From "temporary safe harbor" to "structured compliance": how the new SEC policy will revolutionize the US crypto market

What is happening: the SEC’s radical shift in 2025

By July 2025, the new SEC Chairman Paul Atkins officially launched the “Innovation Exemption,” marking the transition from a decade of confusing enforcement to a clear and proactive regulatory model. It is not just an administrative measure: it represents the official recognition that the crypto sector deserves a dedicated regulatory space, not perpetual persecution.

The key innovation is this: crypto projects will be able to operate in the United States for 12-24 months under simplified rules, while working toward verifiable decentralization. After this period, they will no longer need to seek permission: if they meet decentralization criteria, they will automatically enter a regime of commodities or utilities, leaving the securities framework.

Atkins confirmed that the implementation is scheduled for January 2026. This timing is not accidental: it coincides with the implementation of the CLARITY Act and the GENIUS Act in Congress, forming a tripartite system of regulatory protection.
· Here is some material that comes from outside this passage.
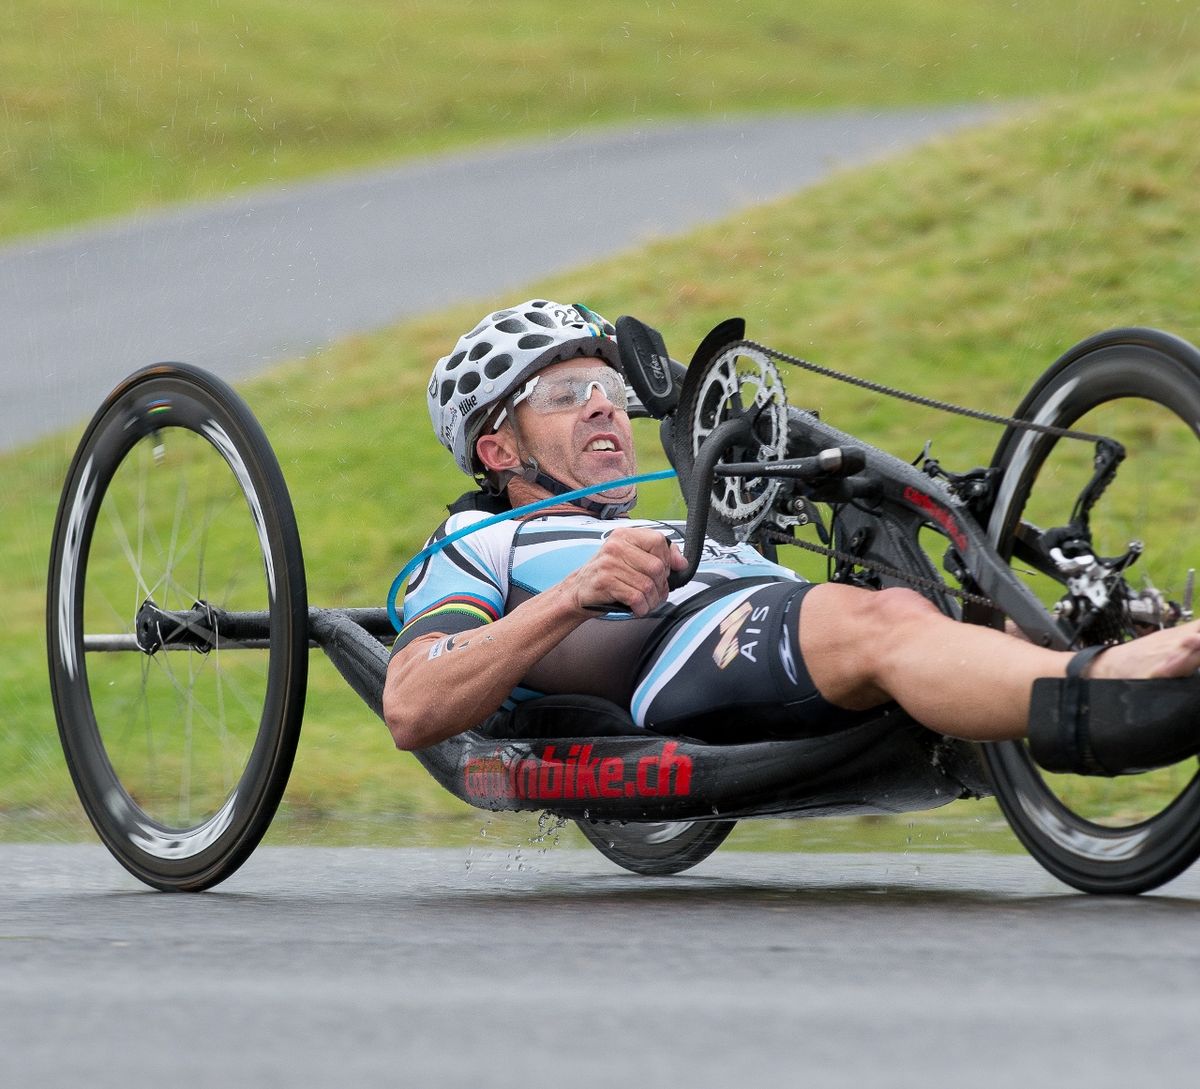 Fifteen Australians line up for historic ITU World Paratriathlon Event at Twin Waters

How it works: the actual functioning of the exemption

Who can apply and for how long

The Innovation Exemption is open to anyone: exchanges, DeFi protocols, stablecoin issuers, even DAOs can apply. There is no discrimination based on development stage or project size.

The exemption period (12-24 months) represents an “incubation window” where teams can raise funds, test products, and experiment with models without the burden of full S-1 registration. During this period, only simplified disclosure is required: less bureaucracy, fewer legal expenses.

The design echoes the CLARITY Act under discussion in Congress, which allows startups to raise up to $75 million annually from the public with light procedures, instead of through the traditional registration system.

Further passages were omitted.